RECAP: This Is Us Season 5 Episode 6 | “Water Works”

I honestly thought this would be one of the most difficult recaps I’d be writing about This Is Us. But it’s not. I mean, yes, watching the series give Randall (Sterling K. Brown) the closure and information he’s searched for all of his life in this week’s episode, titled “Birth Mother,” was somewhat triggering, especially since I also never had the opportunity to meet my birth mother and the information I received about her once I met my birth father’s family–outside of an artist rendering of her likeness by my uncle that I will cherish until the day I perish–was somewhere between slim and none. And yes, I definitely had thug tears as I watched Randall go through his range of emotions listening to his late mother Laurel’s beau Hai tell her story.

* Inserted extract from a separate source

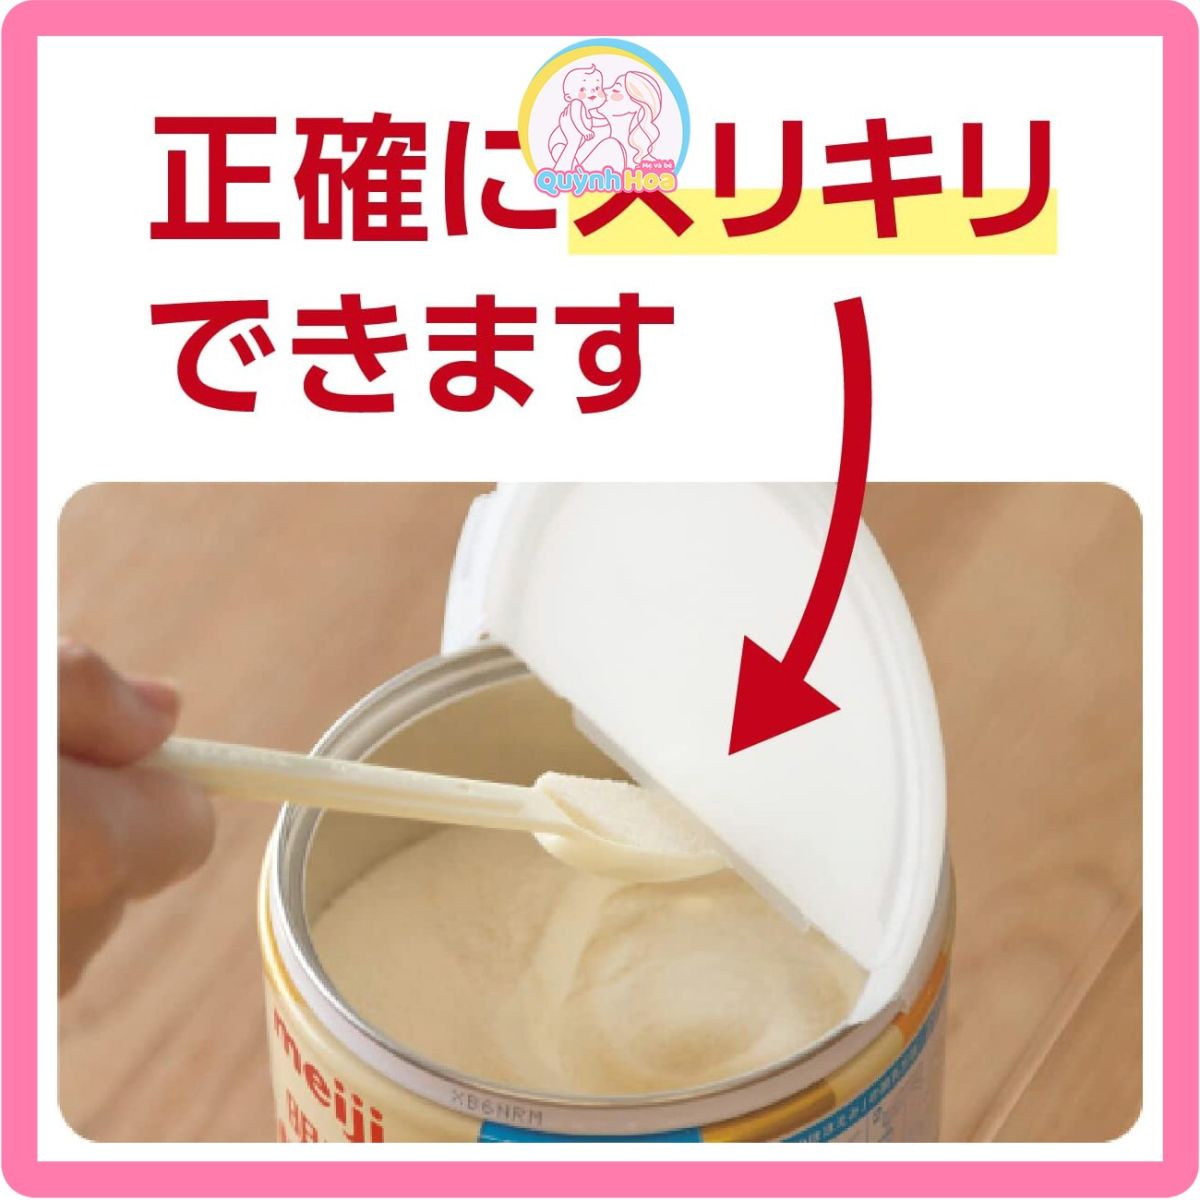 Sữa Meiji Nhật số 0-1, 800g [DATE 02/2025] thumb 1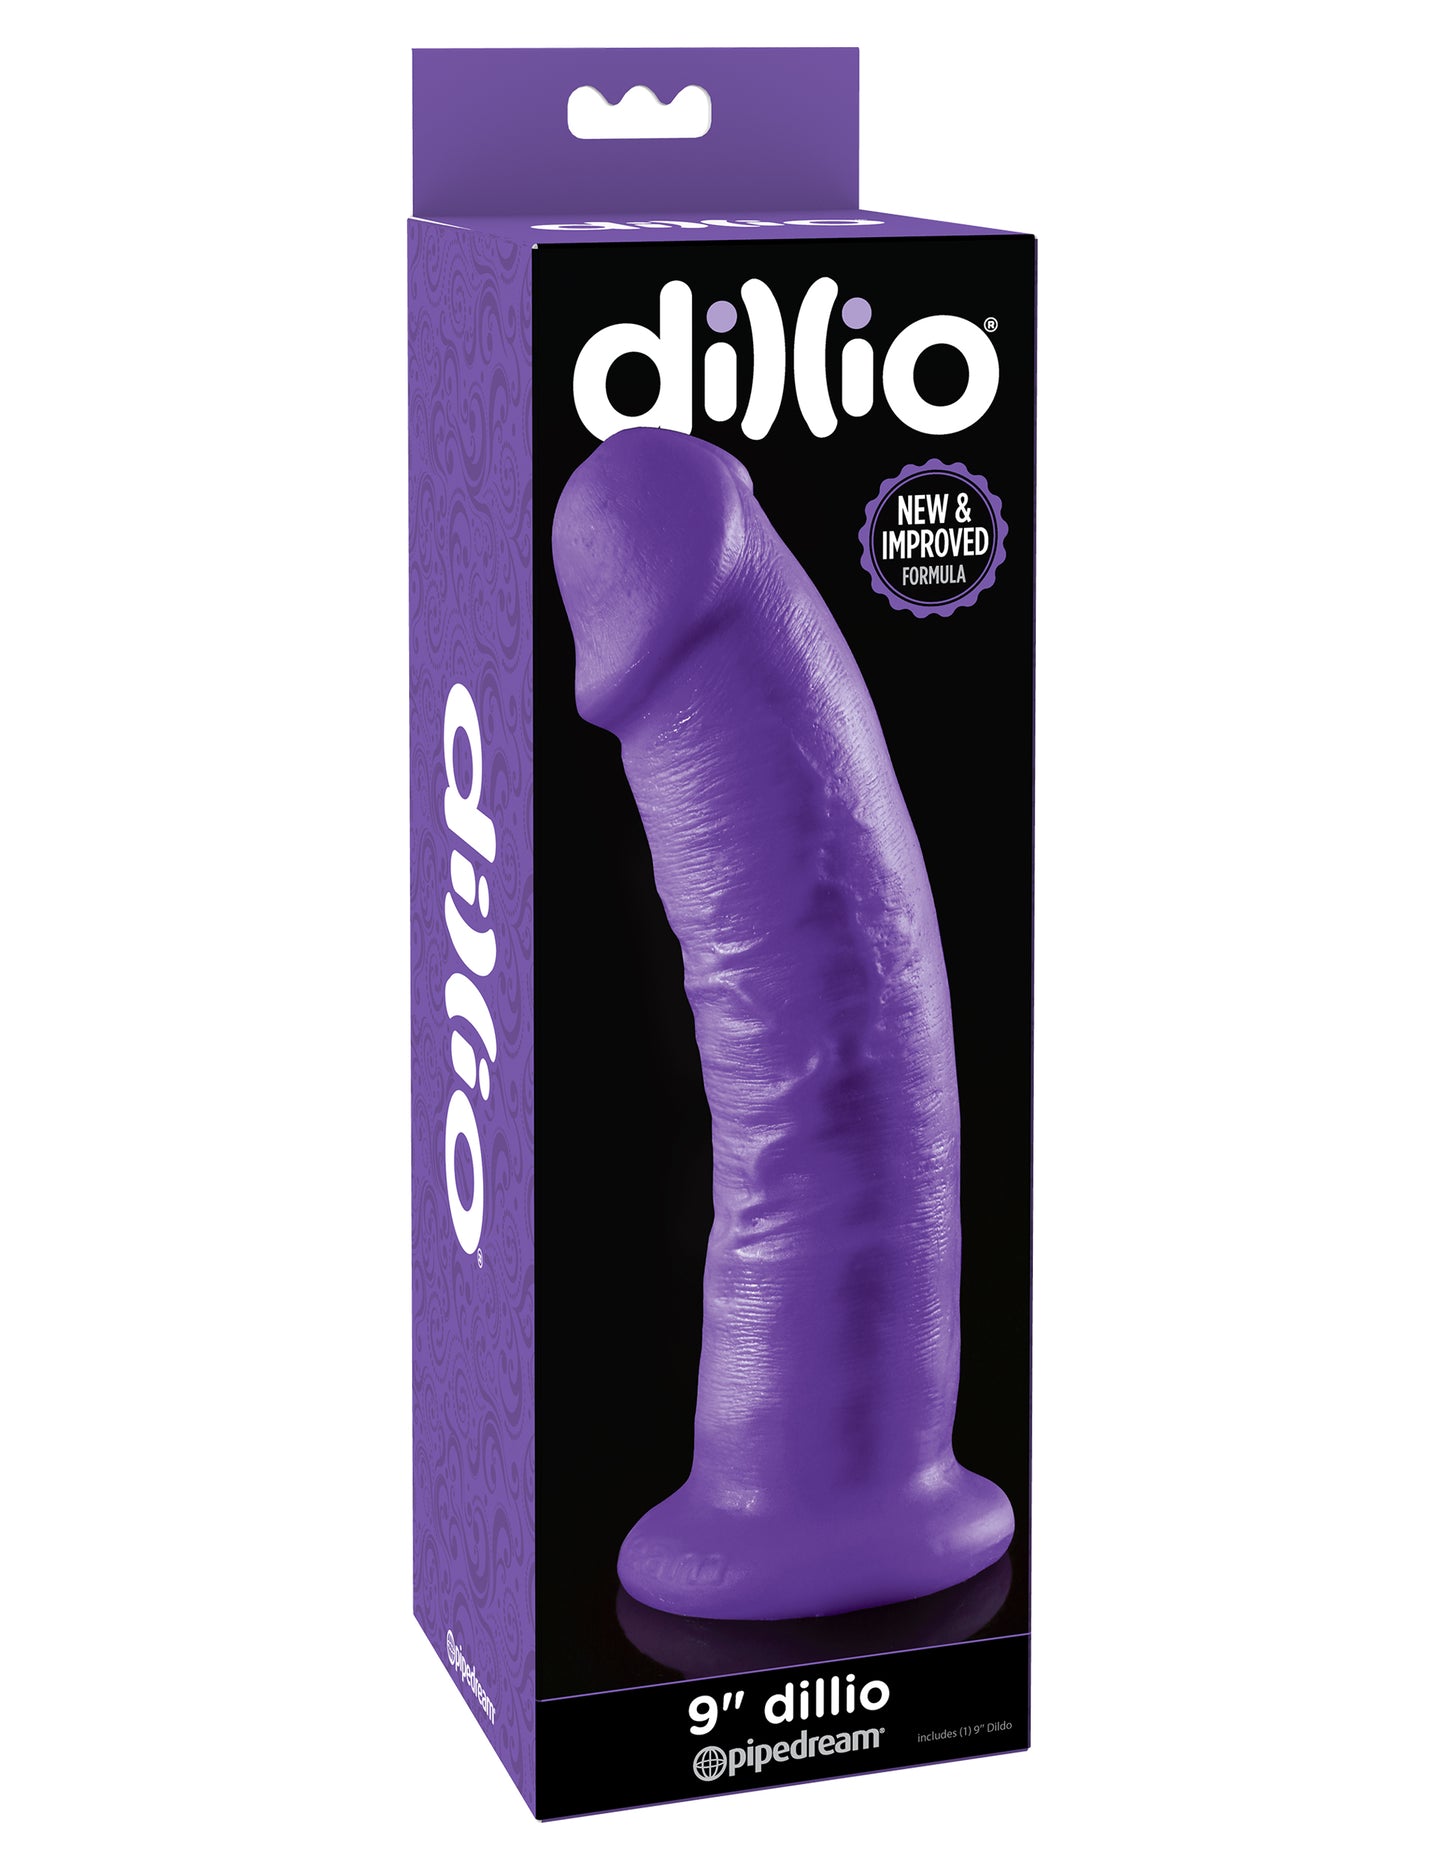 DILLIO - 9 INCH DILDO

And sure, the young motherhood, the struggle with drugs, the never getting to meet her son and wondering what happened to him… all of that was eerily familiar.

As I like to say, I resemble those remarks.

But it wasn’t difficult to watch. It wasn’t difficult to get through. It was, in fact, cathartic. It made me smile seeing Randall get those answers, for him to have his heart filled with things he never thought he’d know, to have him be told that his mother didn’t abandon him, and that only circumstances and regret kept them apart. Yes, I cried. And after processing said tears, I determined that they were happy tears. It helped me imagine my birth mother going through similar situations–being young and addicted to drugs and unable to control her future–and that those situations kept her from looking for me. From finding her baby boy.

What also gave me joy was the location where Randall and Beth (Susan Kelechi Watson) ended up–the city of New Orleans. I’ve always felt that place had healing powers. I’ve always felt that it was somewhere people go to find answers. I’ve always felt it was magic. And the way they used water as a healing process, the way his birth mother gave her pain away to the water, and the way Randall did the same (although we might have to chalk up the visions of his mother as a side effect to his absinthe imbibing), made my heart flutter. It made me smile.

There’s so much more to be told about Randall. It’ll be fun to see if they revisit the house by the river, and to see how this revelation about his mother, and the time he spent with his father, informs him going forward. Randall was broken. Skeptical. Angry. Incomplete. He’s none of those things now. I may not share those exact sense of emotions, but seeing him come full circle, to see how the water worked for him, gives me hope that it was the same for me. That both my parents loved me, and that my story–like his story–was more than I was ever told.

Here’s to This Is Us for another episode that mirrored my life. It’s no longer spooky when it happens. I’ve come to fully embrace them. (Now if only someone could embrace Kevin (Justin Hartley) and let that man have a few good moments… Sheesh.)